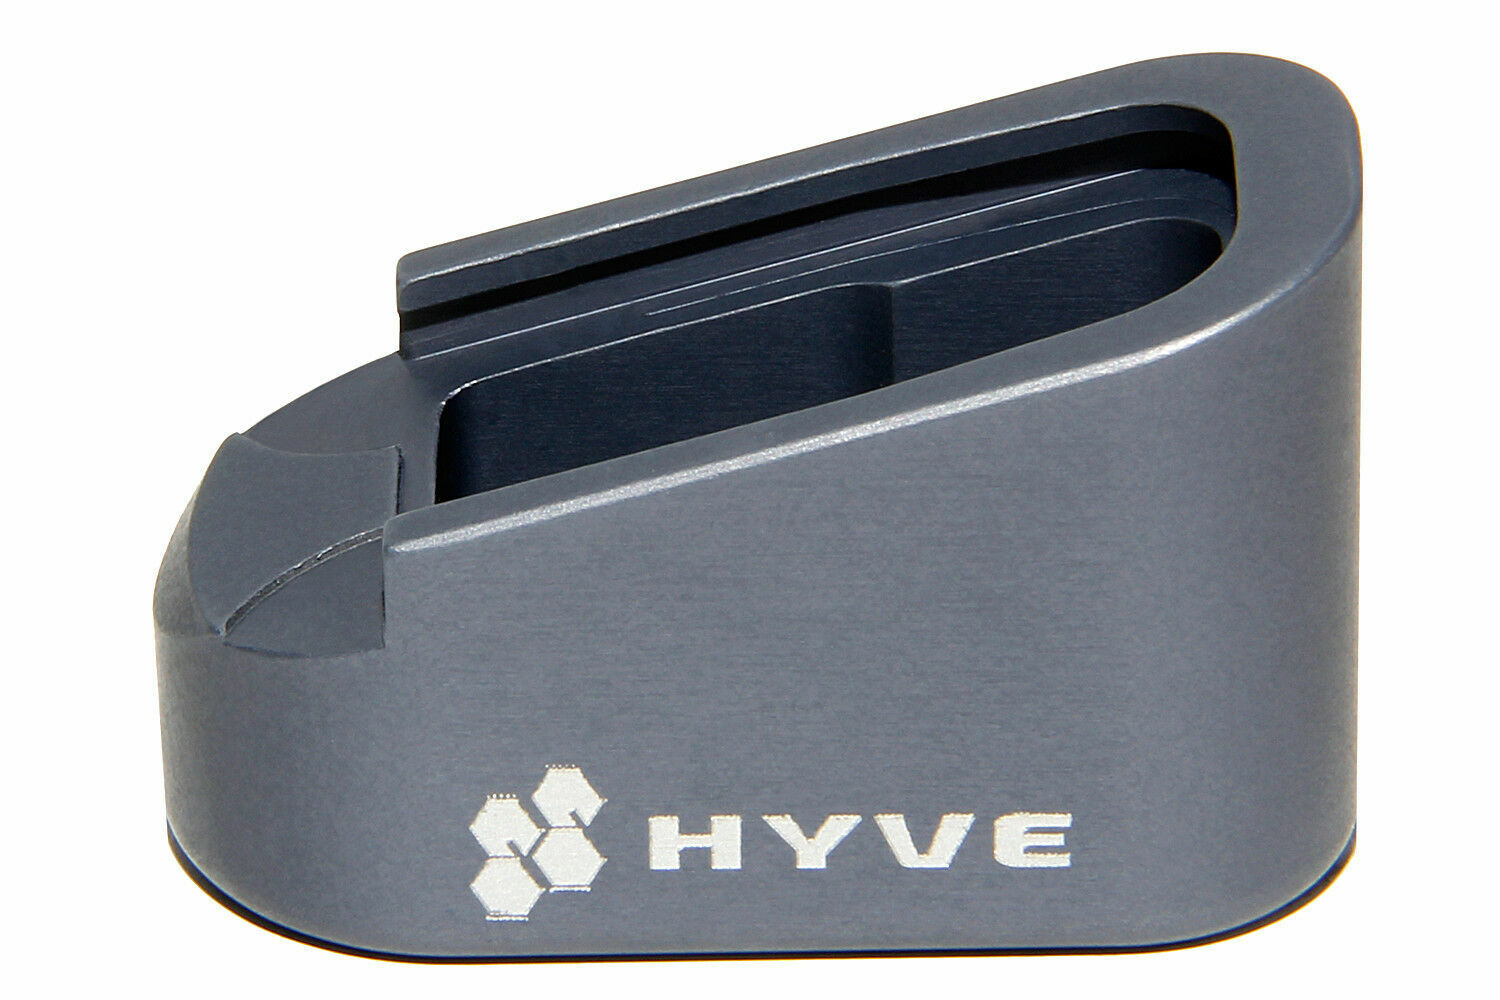 Hyve Technologies 43 +2 Mag Extension base pad for the Glock 43
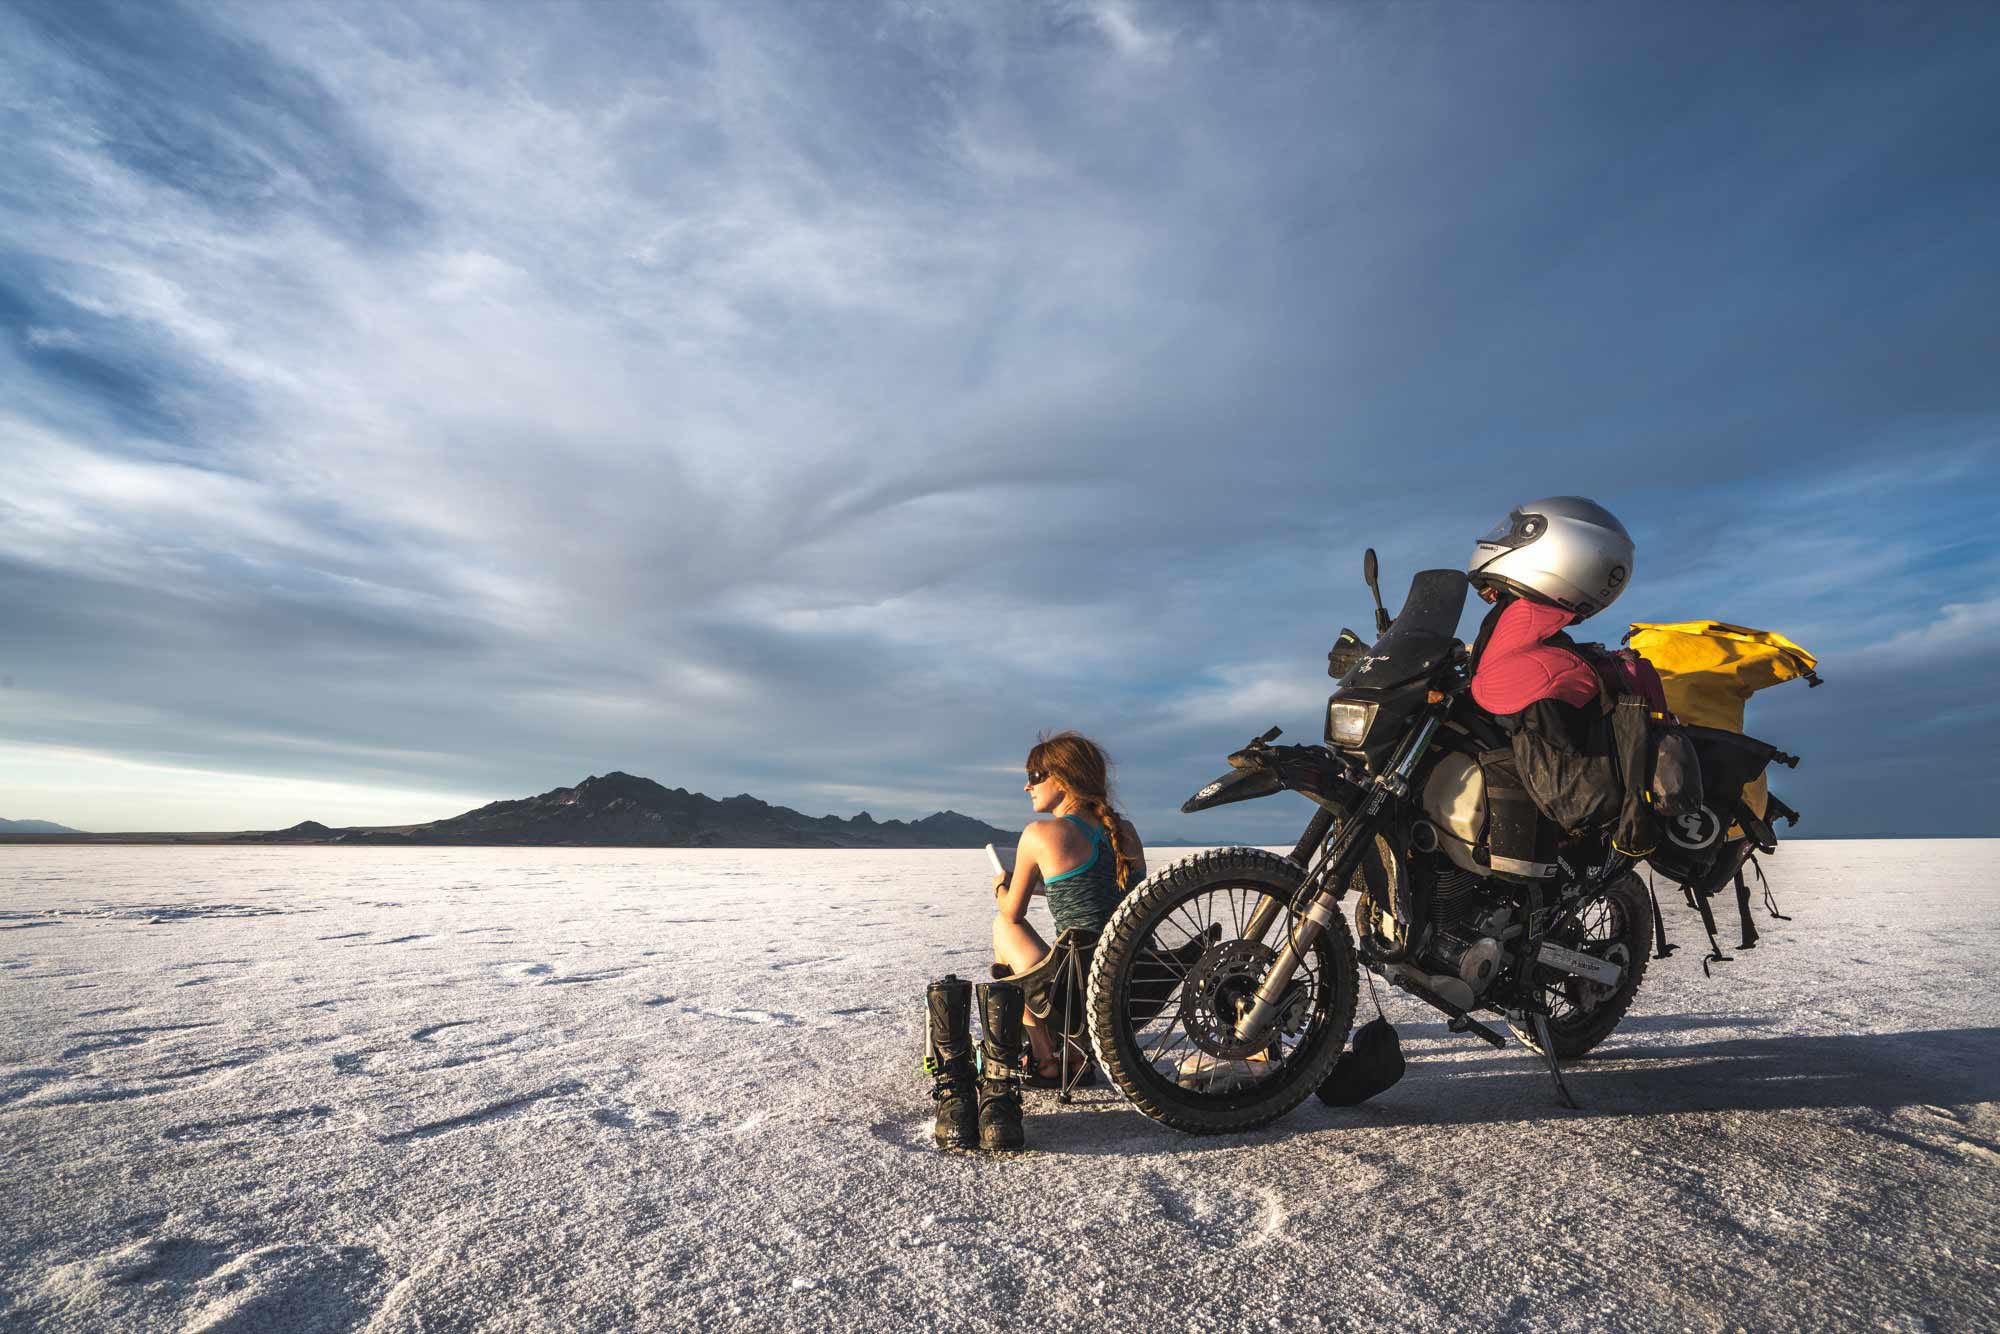 With 80,000 miles clocked on the odometer since docking our container ship into Uruguay, I’d stopped seeing our trip as an extended holiday. Our ride had become a way of life for Jason and me. It enabled us to stop trying to matter; it made us ready to simply live. (Bonneville Salt Flats, Utah)
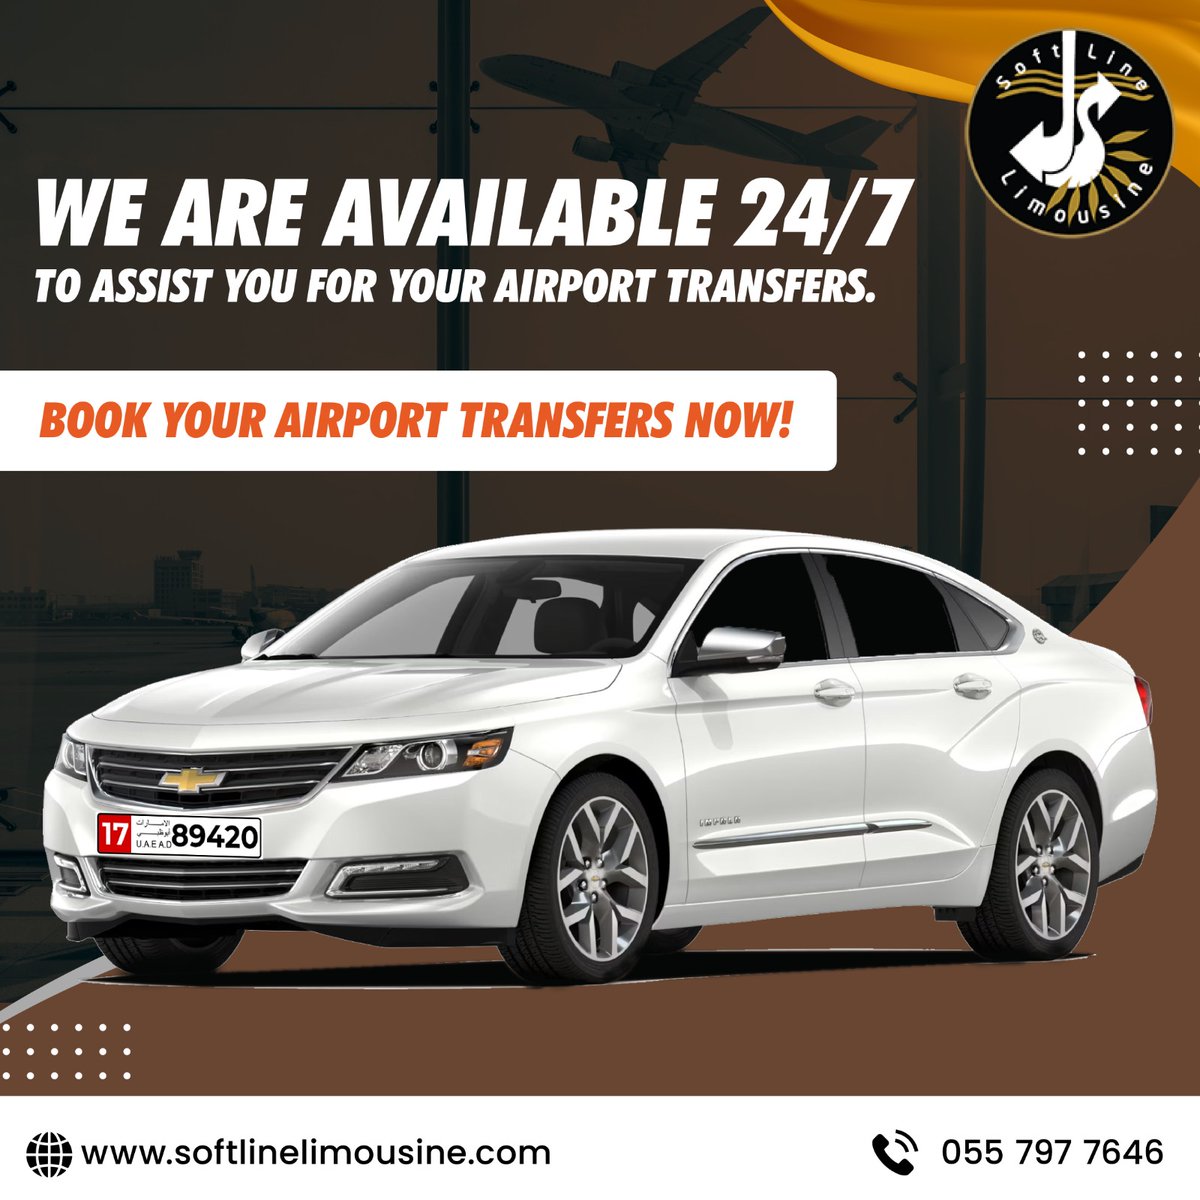 We are available 24/7 to assist you for your Airport Transfers. 
Book your Airport Transfers now!

Call us🤙: +971 050 2370637, 055 7977646 (WhatsApp) 👇👇
Book your ride now at softlinelimousine.com

#dubaiairport #abudhabiairport #airporttransfers #nextride #taxiservices
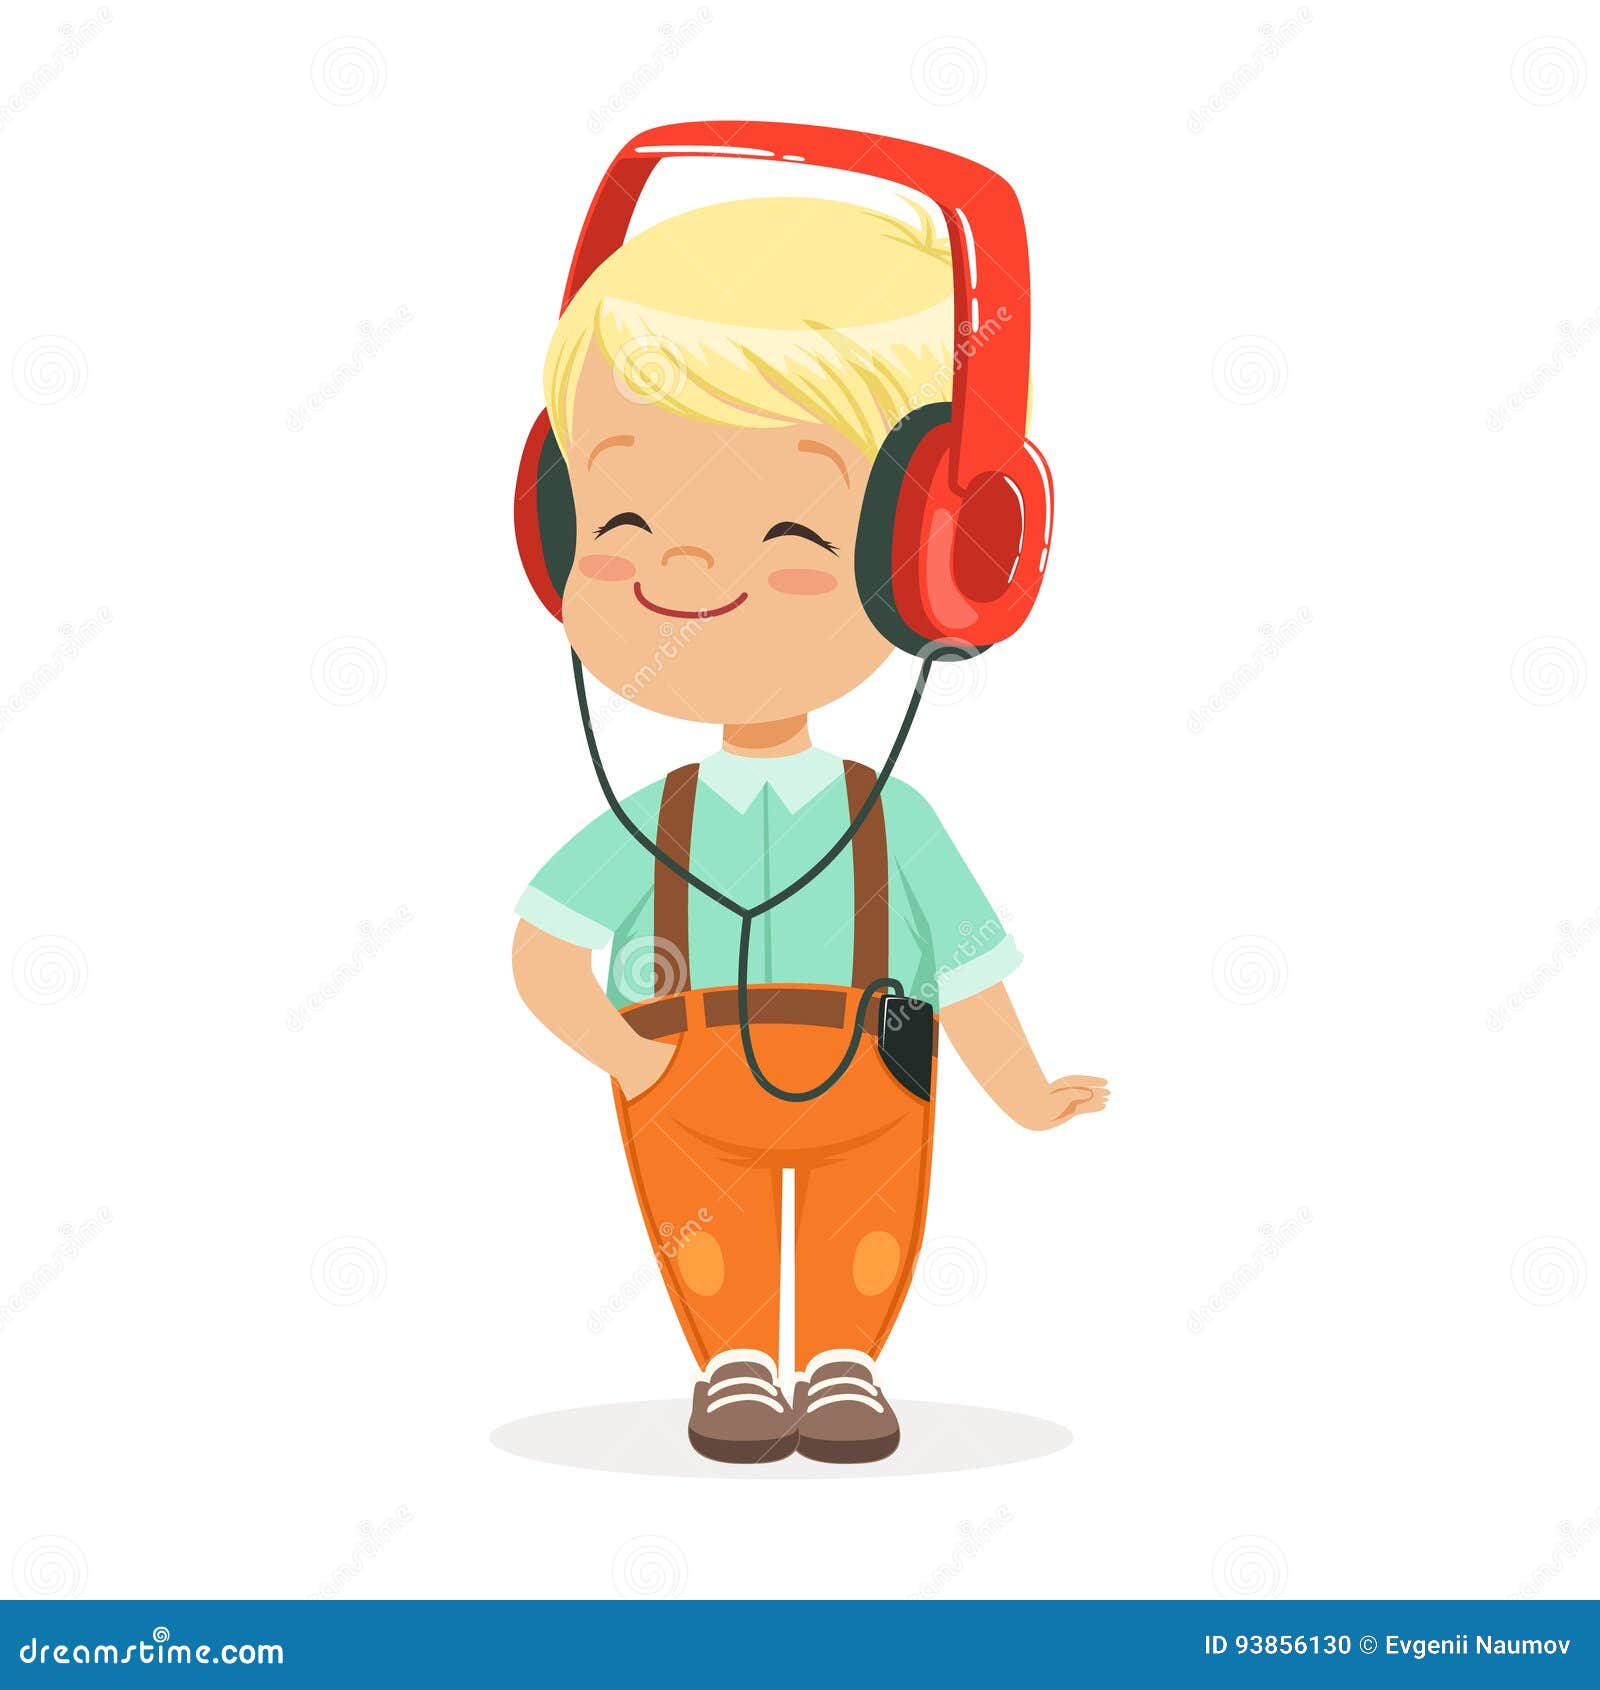 Smiling Little Boy Listening To Music in Headphones, Colorful Cartoon  Character Vector Illustration Stock Vector - Illustration of music,  cheerful: 93856130

────────────────────────────────────────

Gather from the data above every line with the string "Book".

Book your Airport Transfers now!
Book your ride now at softlinelimousine.com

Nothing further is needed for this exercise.